### [Information supplied]
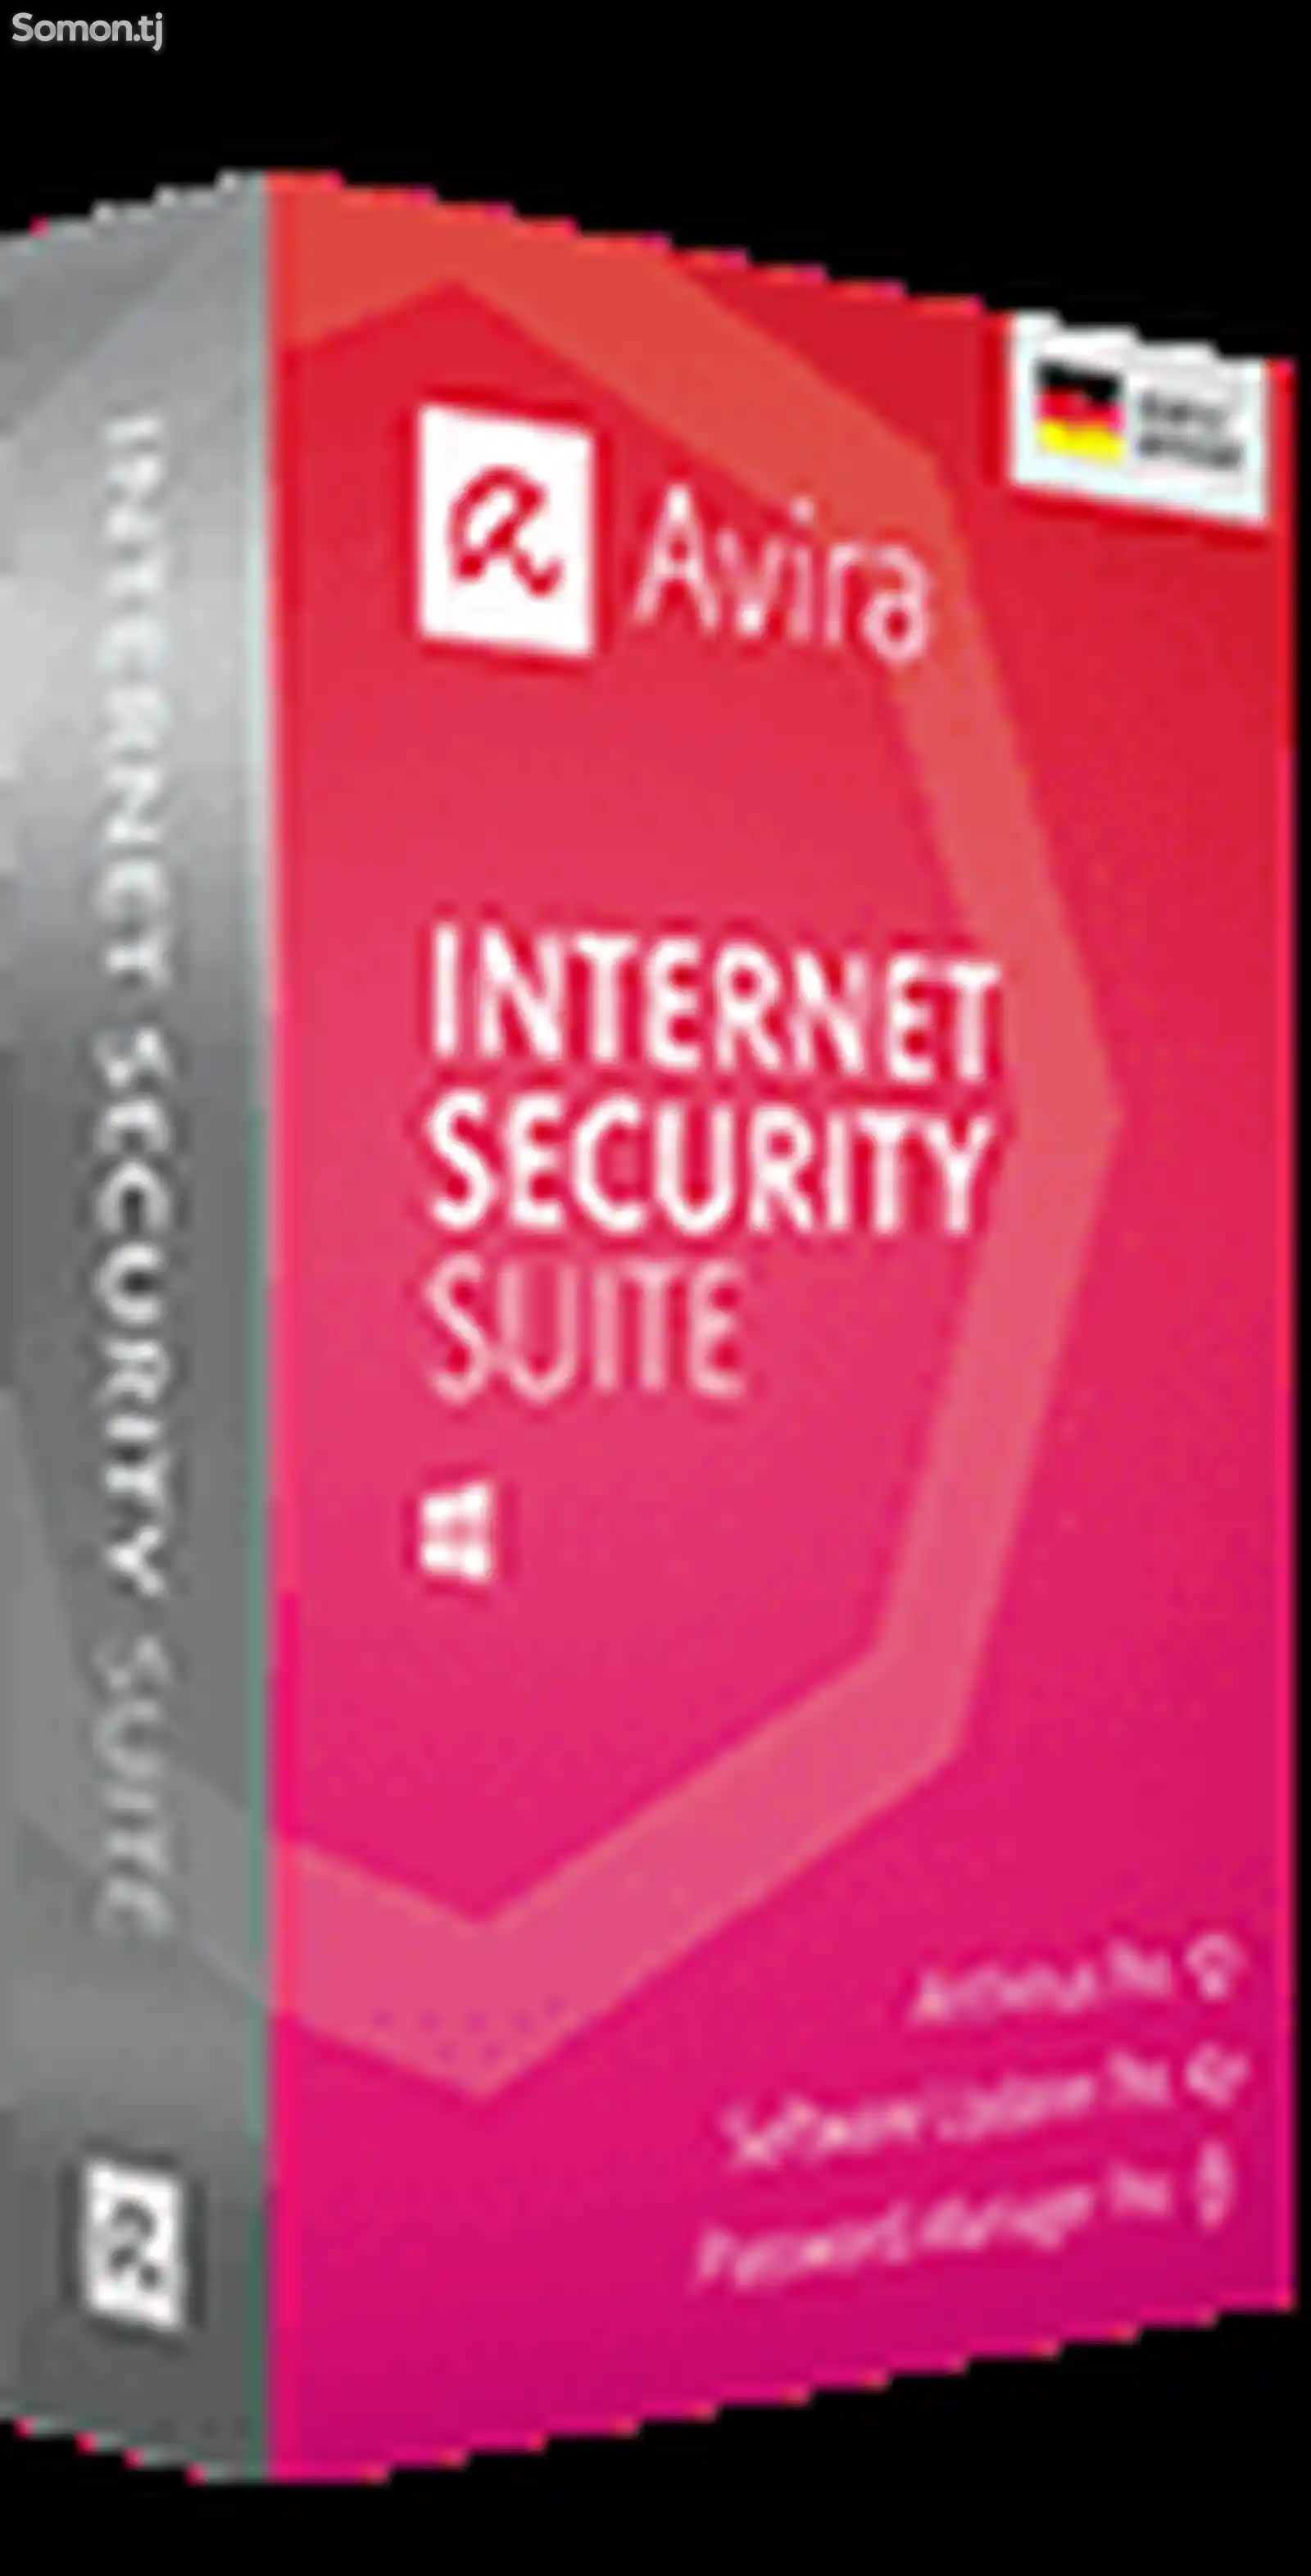 Avira Internet Security Suite - иҷозатнома барои 5 роёна, 1 сол
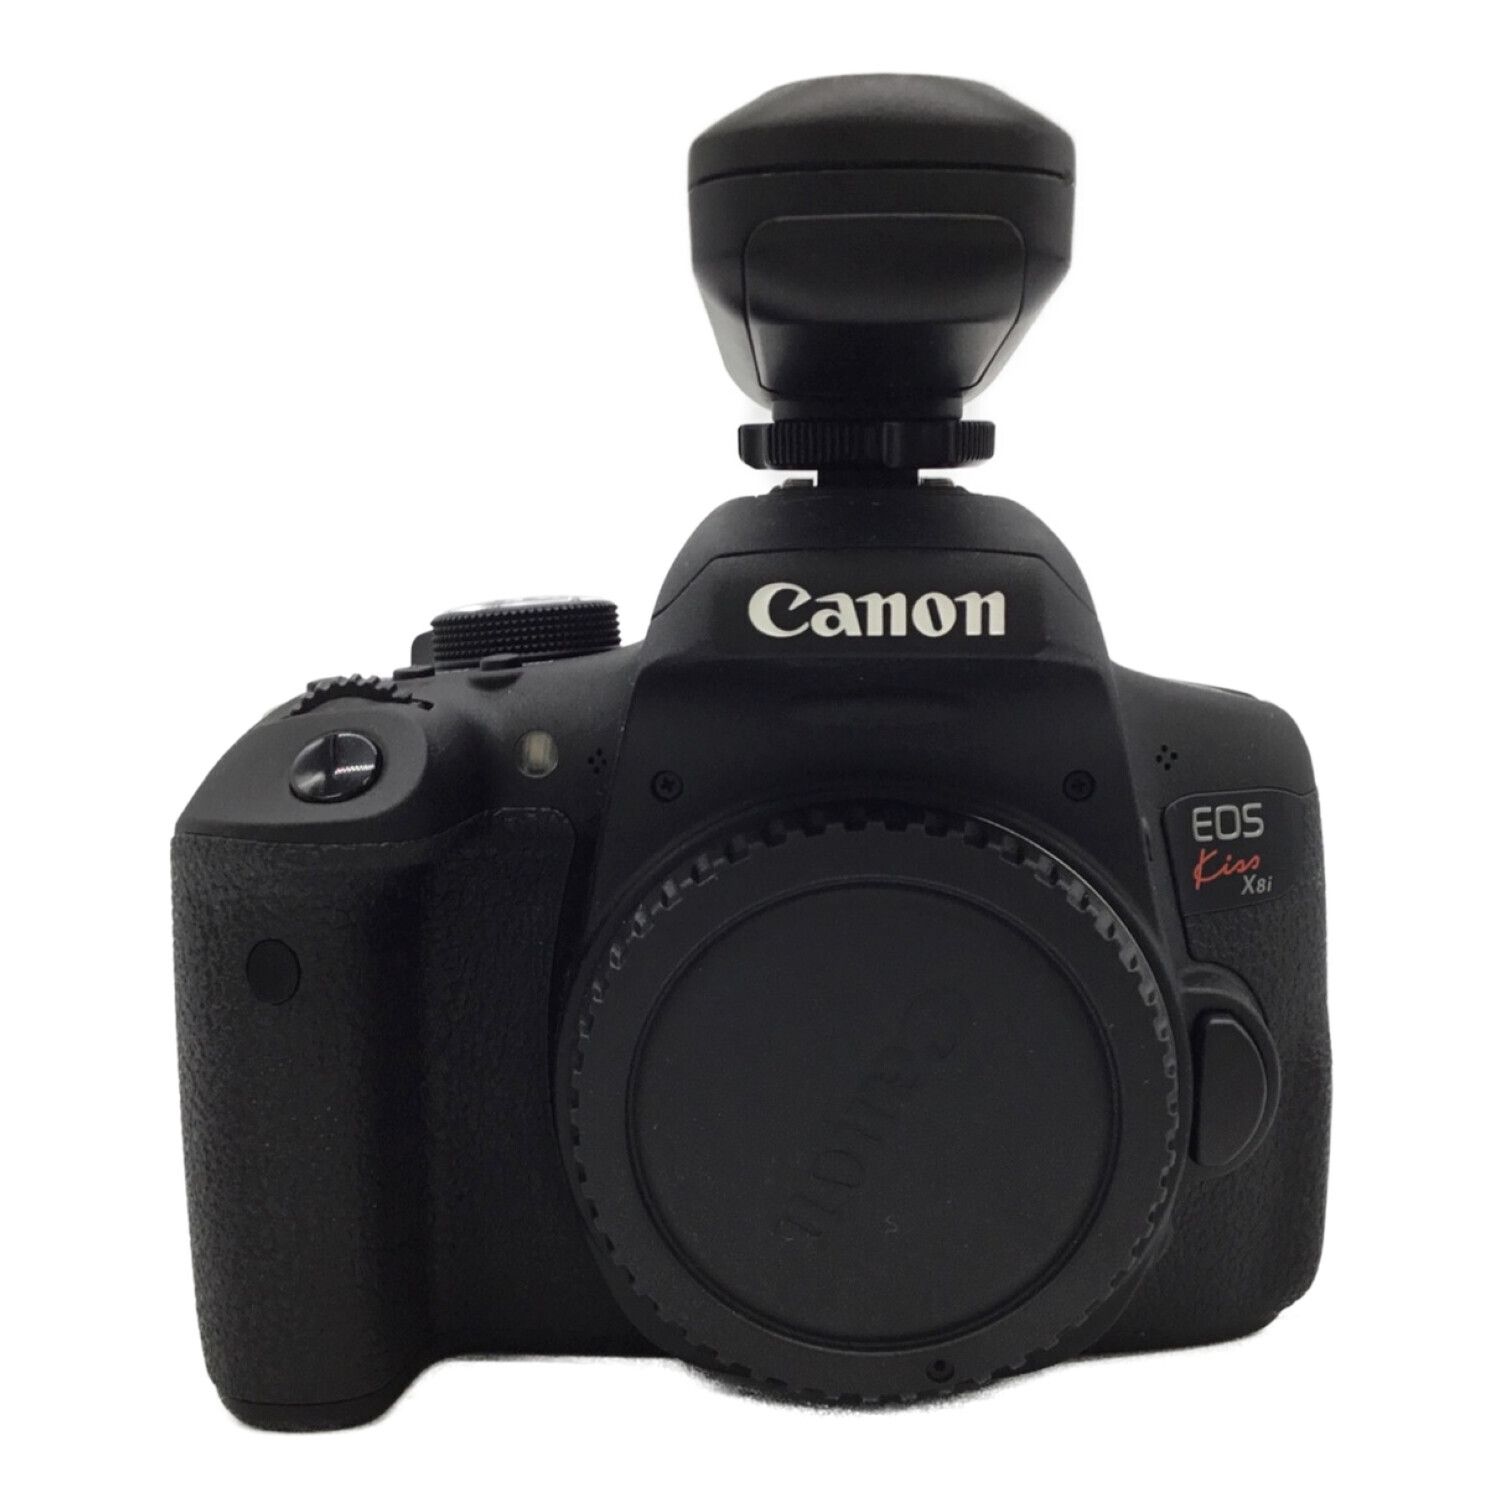 Canonキャノン色Canon キャノン カメラ レンズセット Eos kiss x8i バッテリー
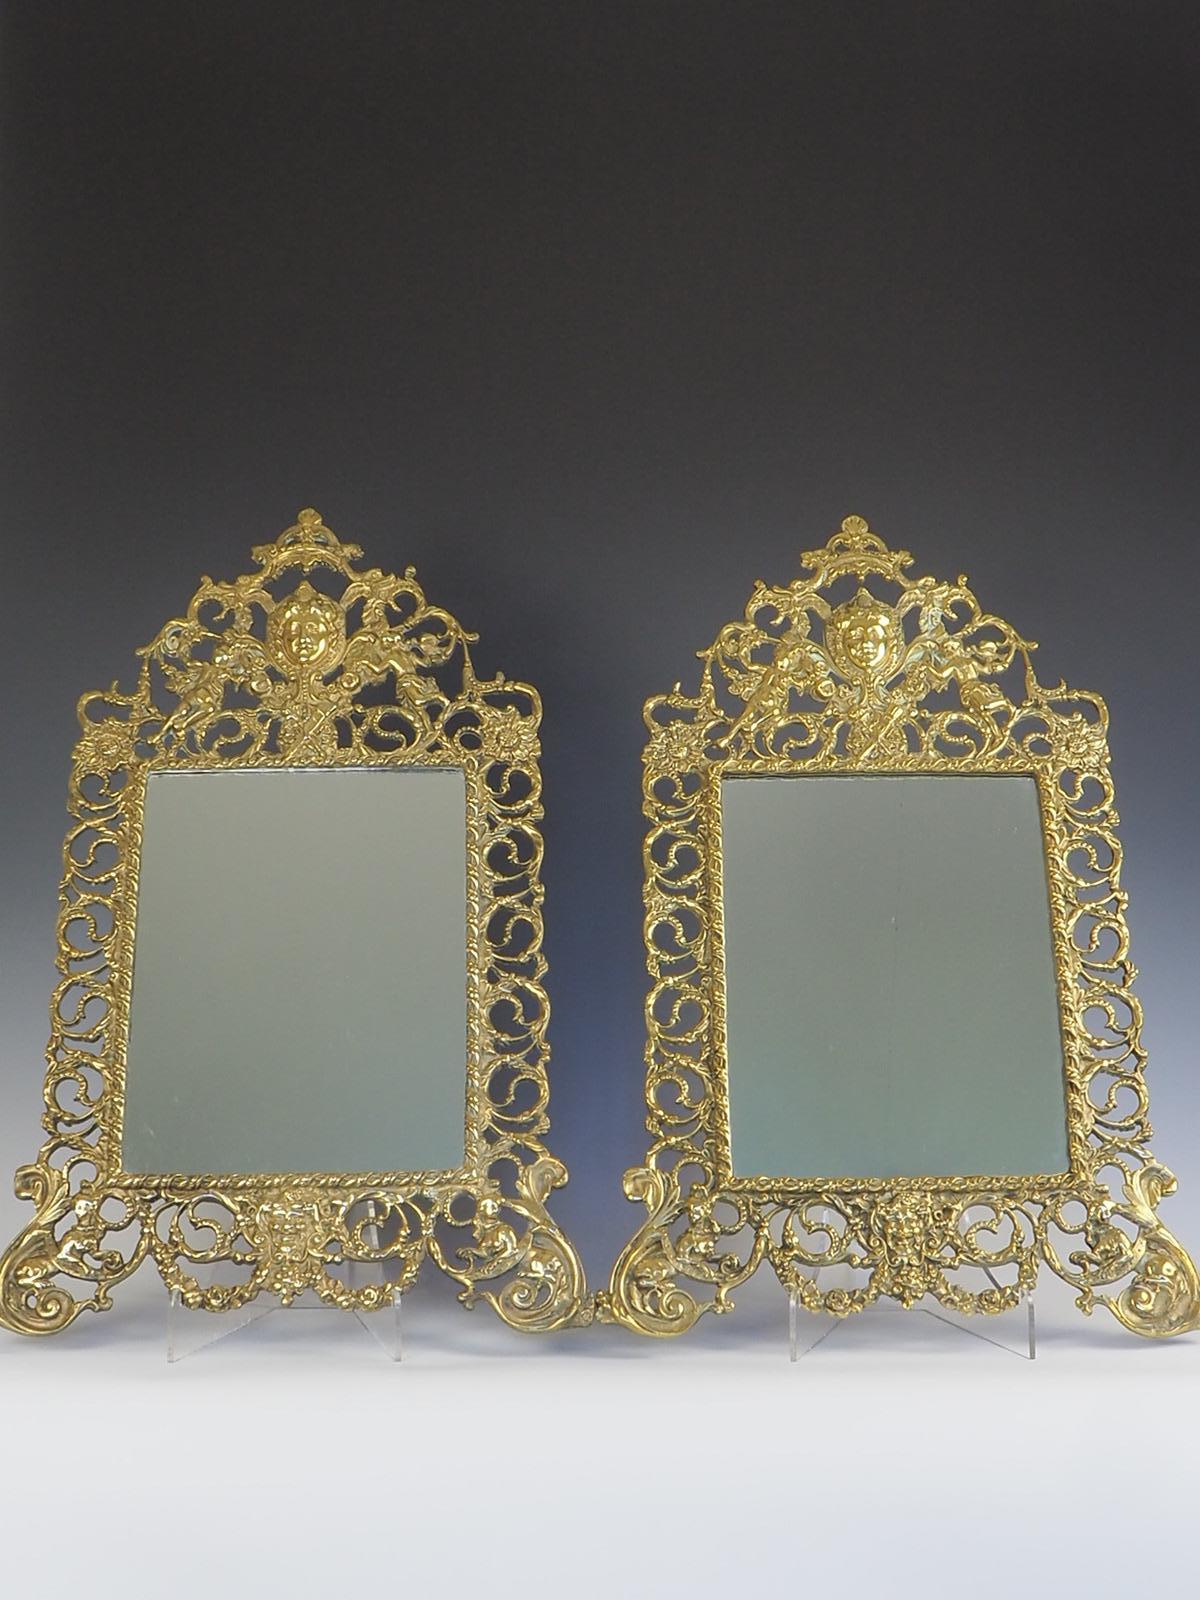 
Paire de miroirs muraux rococo français anciens en laiton

### [Work task]
Copy the material shown above in full and exactly. Skip the pictures.

### [Answer]
 Avira Internet Security Suite - иҷозатнома барои 5 роёна, 1 сол
 Canonキャノン色Canon キャノン カメラ レンズセット Eos kiss x8i バッテリー
Paire de miroirs muraux rococo français anciens en laiton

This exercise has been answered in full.